Iowa Asst. Attorney General Steve St. Clair and California Asst. Attorney General Alan Lieberman led the states' negotiating team in the ConocoPhillips matter.

"Restricting over-the-counter access to tobacco by minors is an important aspect of a public health battle that must be waged on several fronts," Miller said. "A large majority of smokers become addicted by their mid-teens, and the earlier an addiction to tobacco takes hold the tougher it is to quit and the more likely it is that a tobacco-related disease will result. But if a person can reach young adulthood as a non-smoker, he or she will probably never become a victim of tobacco addiction. Clearly, shepherding our young people through the most vulnerable teen years is key to disrupting the pattern of addiction and disease."

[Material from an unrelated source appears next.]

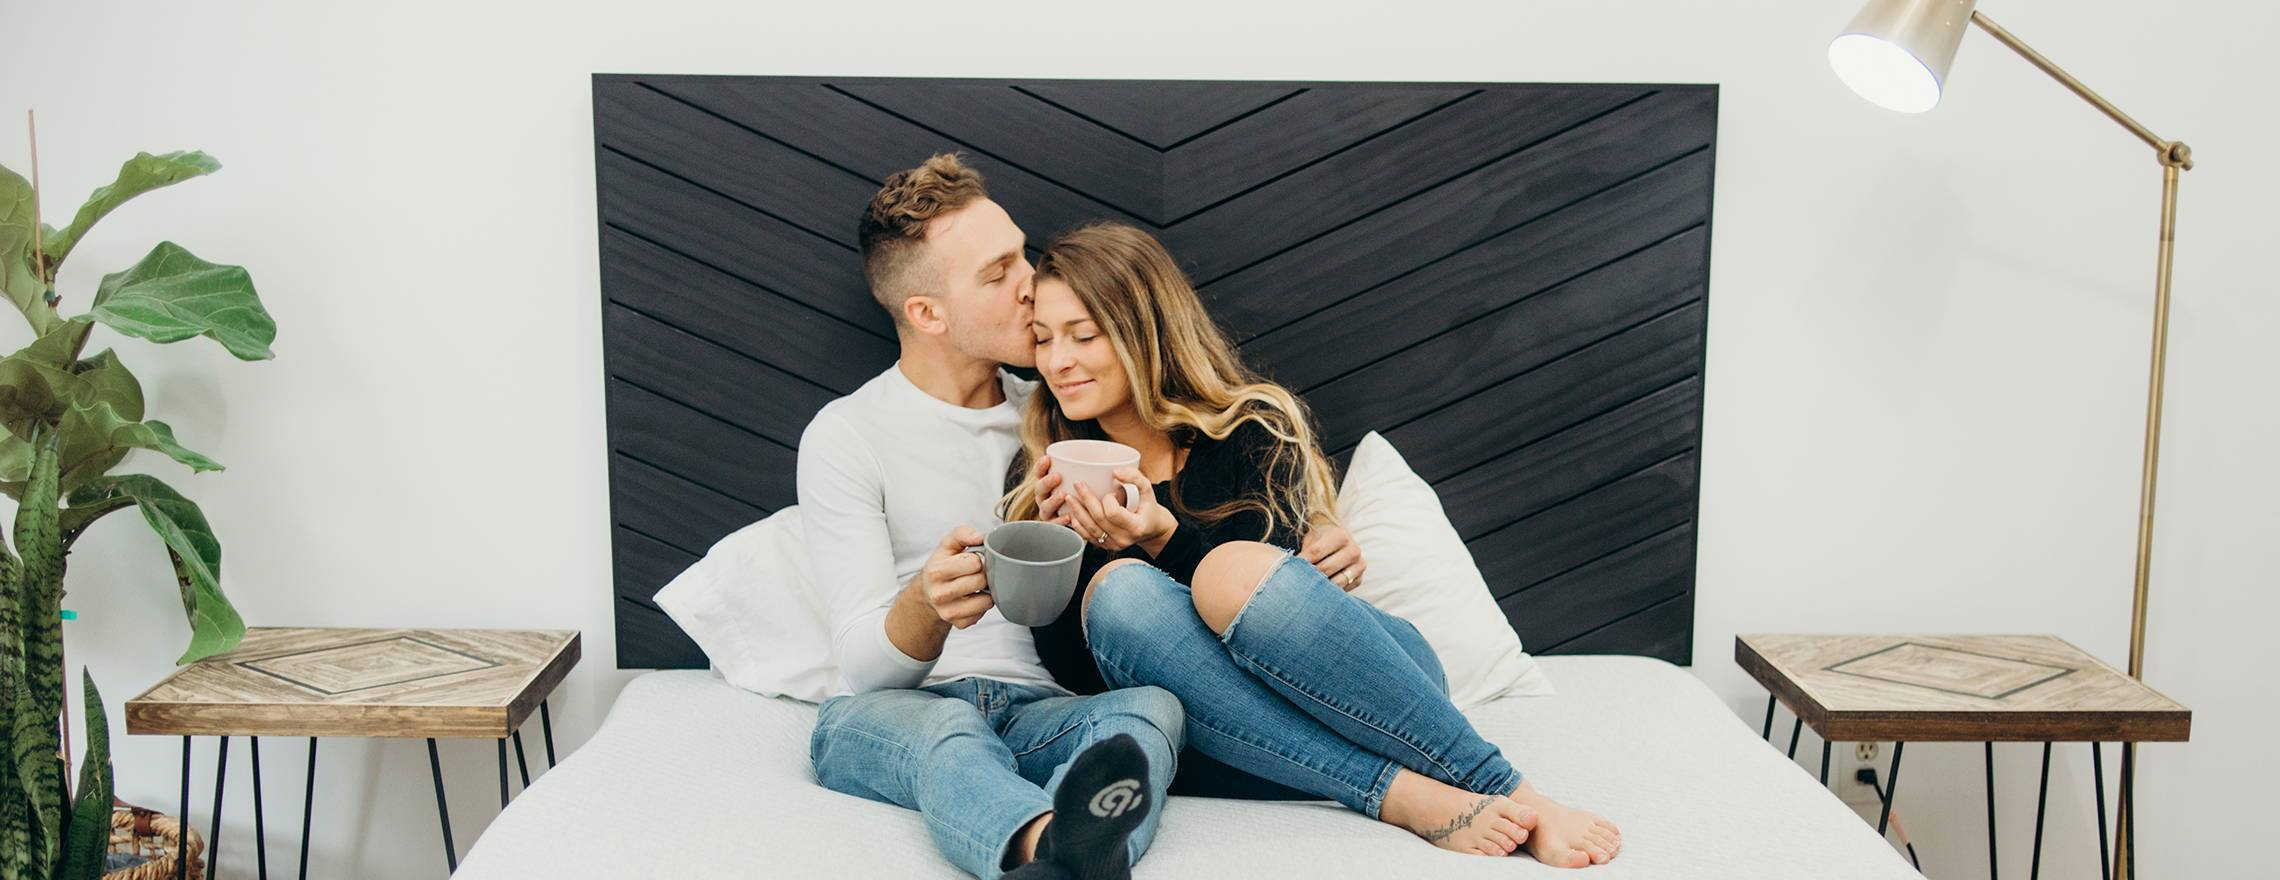 sweet_couple_on_a_leesa_mattress_with_coffee_1

The agreement, called an "Assurance of Voluntary Compliance," noted that 47% of youth who report buying cigarettes identify gas stations as their primary point of purchase, and another 27% identify convenience stores. The agreement further noted that every day in the United States more than 2,000 people under the age of 18 begin smoking, and that a third of them will one day die from a tobacco-related disease.

Under the agreement, ConocoPhillips also agreed to pay the Attorneys General $125,000 for the costs incurred by the states in investigation and negotiation.

The 40 participating states are AZ, AR, CA, CO, CT, FL, HI, ID, IL, IA, KS, KY, LA, ME, MD, MA, MI, MN, MS, MO, MT, NE, NV, NH, NJ, NY, OK, OR, RI, SC, SD, TN, TX, UT, VT, VA, WA, WV, WI and WY.